Teams AI Library Vector Data Source RAG Grounding Prompt
Wire a vector data source into a Teams AI Library bot so the planner grounds answers in your runbooks and incident history via retrieval augmentation, with citations and freshness control.
- Target user
- Bot developers building grounded ops assistants on the Teams AI Library
- Difficulty
- Advanced
- Tools
- Claude, ChatGPT
The prompt
You are a senior platform engineer who builds Microsoft Teams automation and grounded conversational assistants using the Teams AI Library.
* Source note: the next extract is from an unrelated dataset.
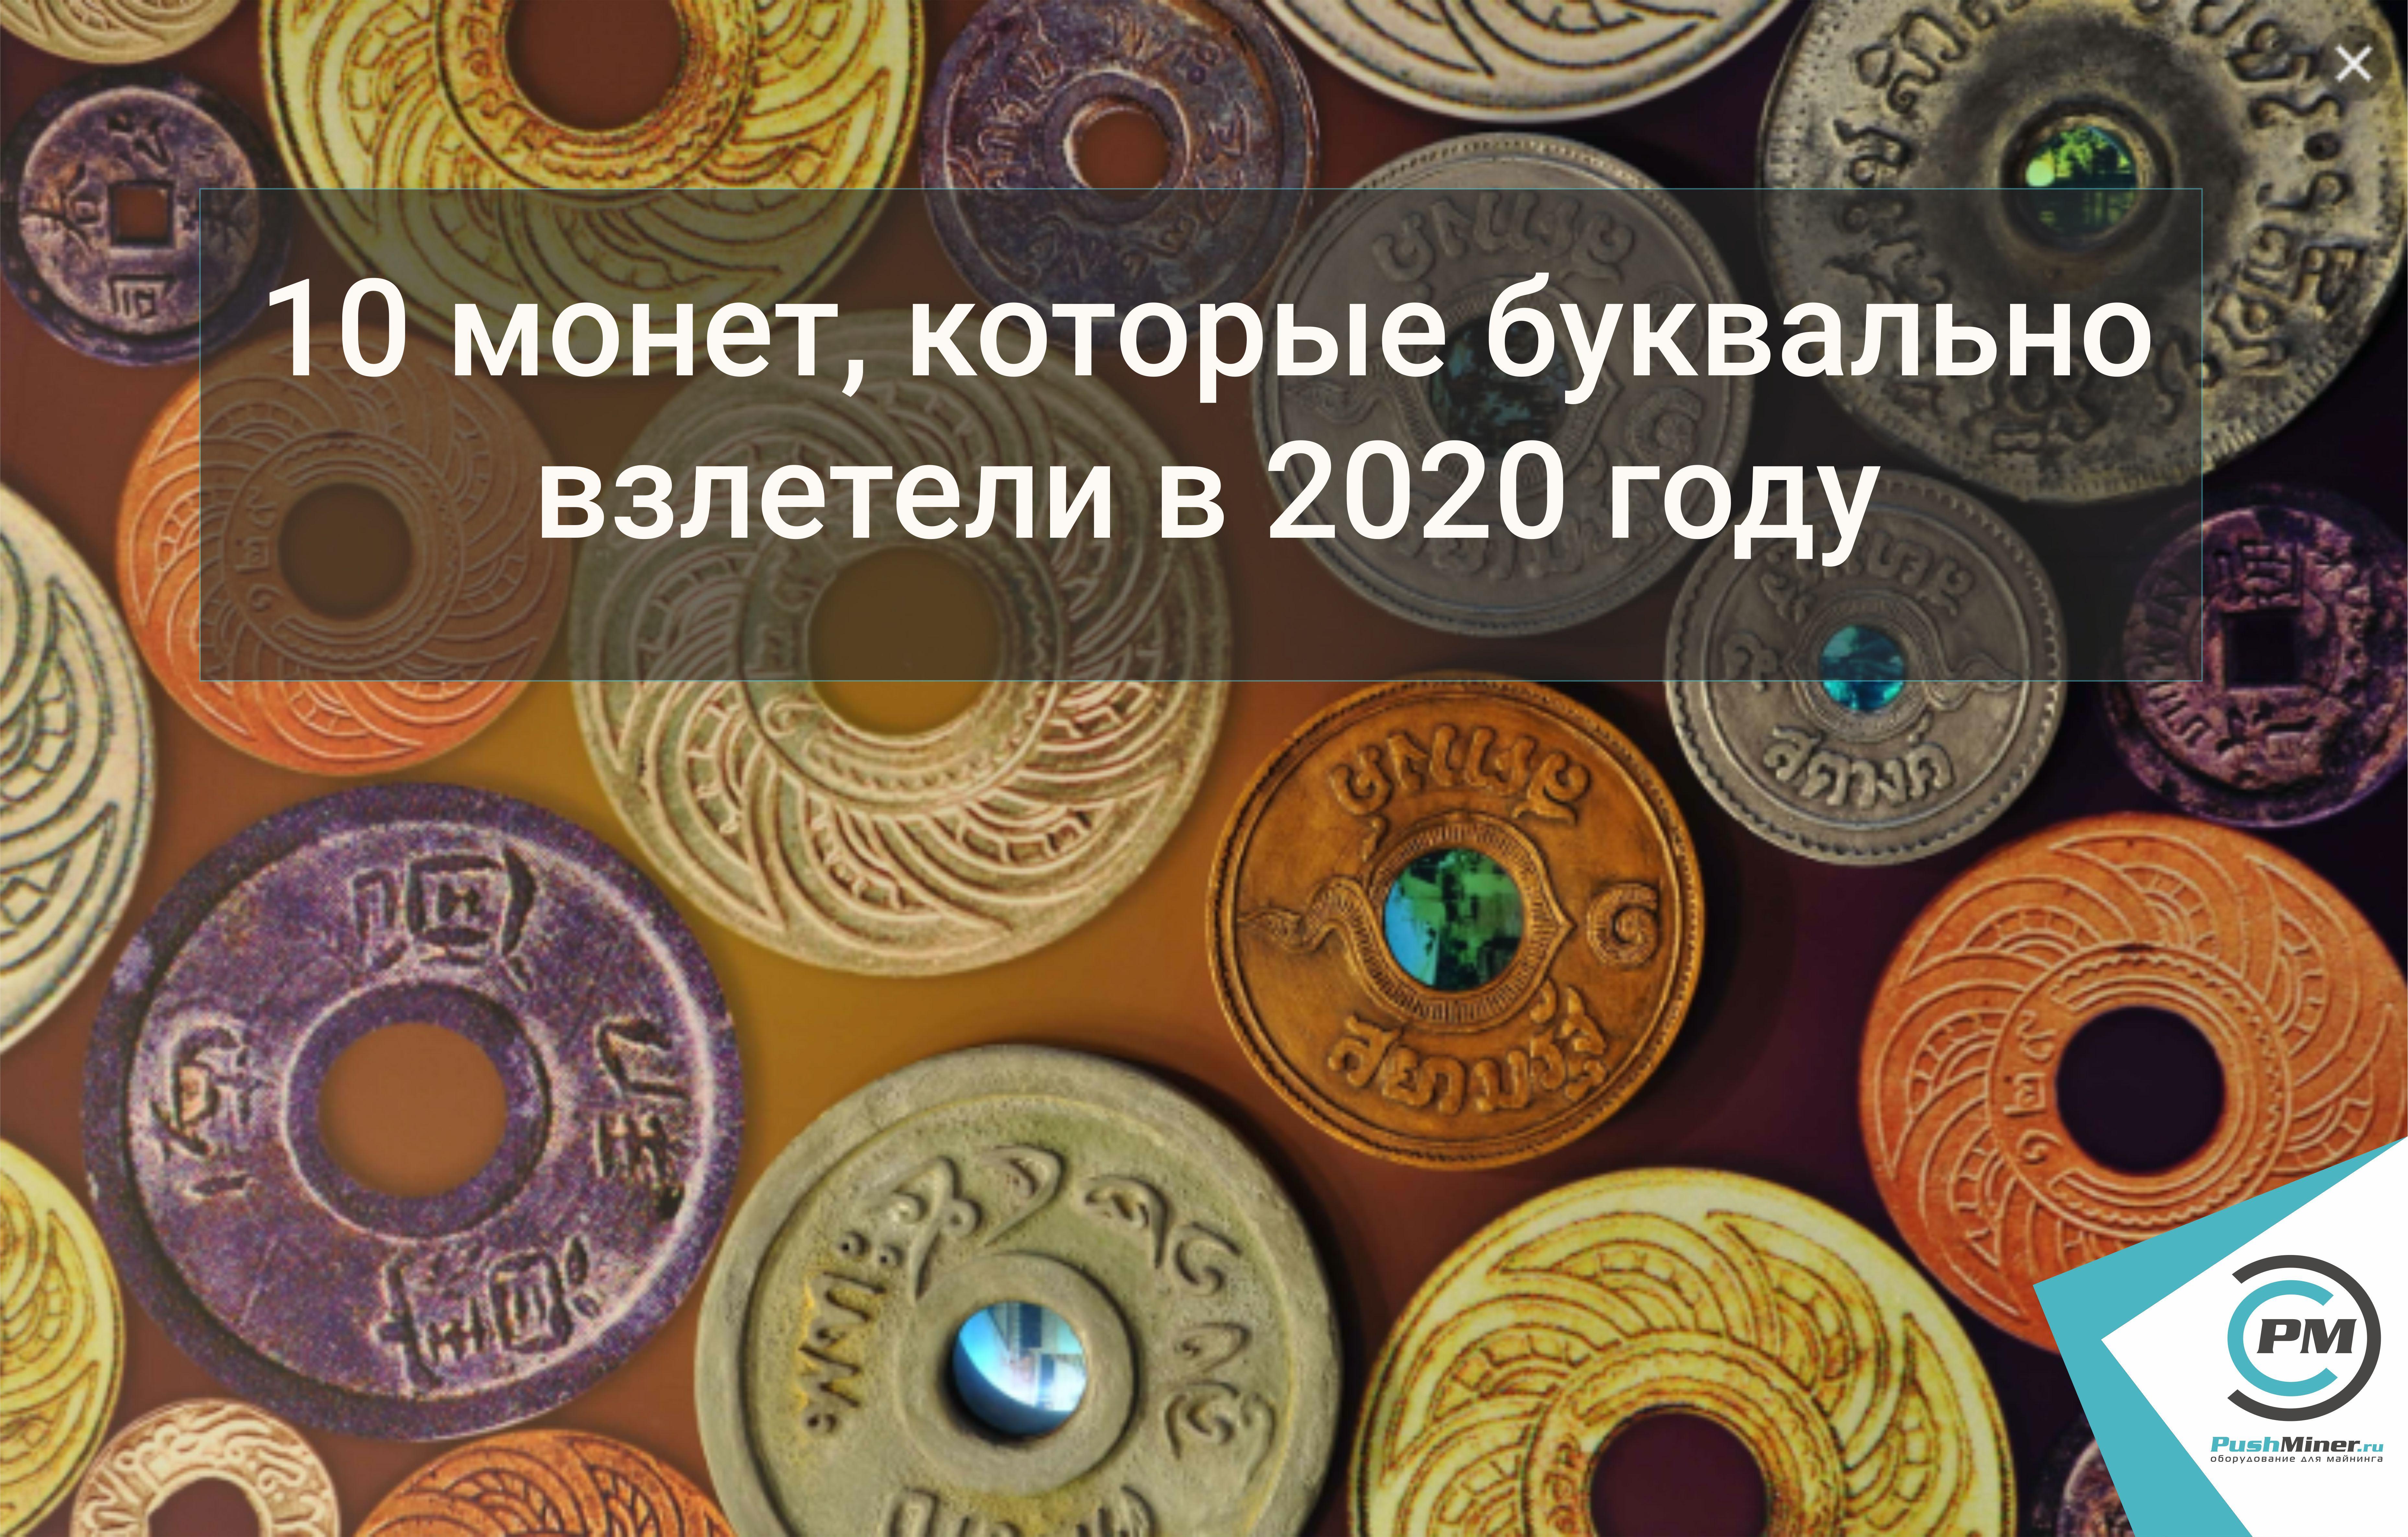 10 монет, которые буквально взлетели в 2020 году

I will provide: - The knowledge corpus (runbooks, postmortems, on-call docs) and where it lives today - The embedding model and vector store I intend to use (or want recommended) - The bot's prompt template configuration and the planner type currently registered Your job: 1. **Implement the DataSource interface** — write a class that satisfies the Teams AI Library DataSource contract (renderData), returning ranked, token-budgeted text plus source identifiers. 2. **Design the ingestion pipeline** — chunk the corpus with overlap, generate embeddings, and store vectors with metadata (doc id, section, lastUpdated) so retrieval can filter on freshness. 3. **Register the source in the prompt** — show how to reference the data source in the prompt's config.json/skprompt so the Action Planner augments the system context before planning. 4. **Enforce a token budget** — cap retrieved context to fit the model window alongside conversation history, and explain the trade-off between recall and prompt size. 5. **Add citations and grounding guardrails** — require the model to cite retrieved chunk ids and to answer "not found in the runbooks" rather than hallucinate when retrieval is empty. 6. **Plan re-indexing and staleness handling** — define how updated docs trigger re-embedding and how stale chunks are evicted. Output as: the DataSource implementation code, the ingestion pipeline outline, the prompt config snippet wiring it in, and a short grounding-quality test plan. Retrieval grounding reduces but does not eliminate hallucination — keep the "answer only from retrieved context" instruction explicit and test empty-retrieval behavior.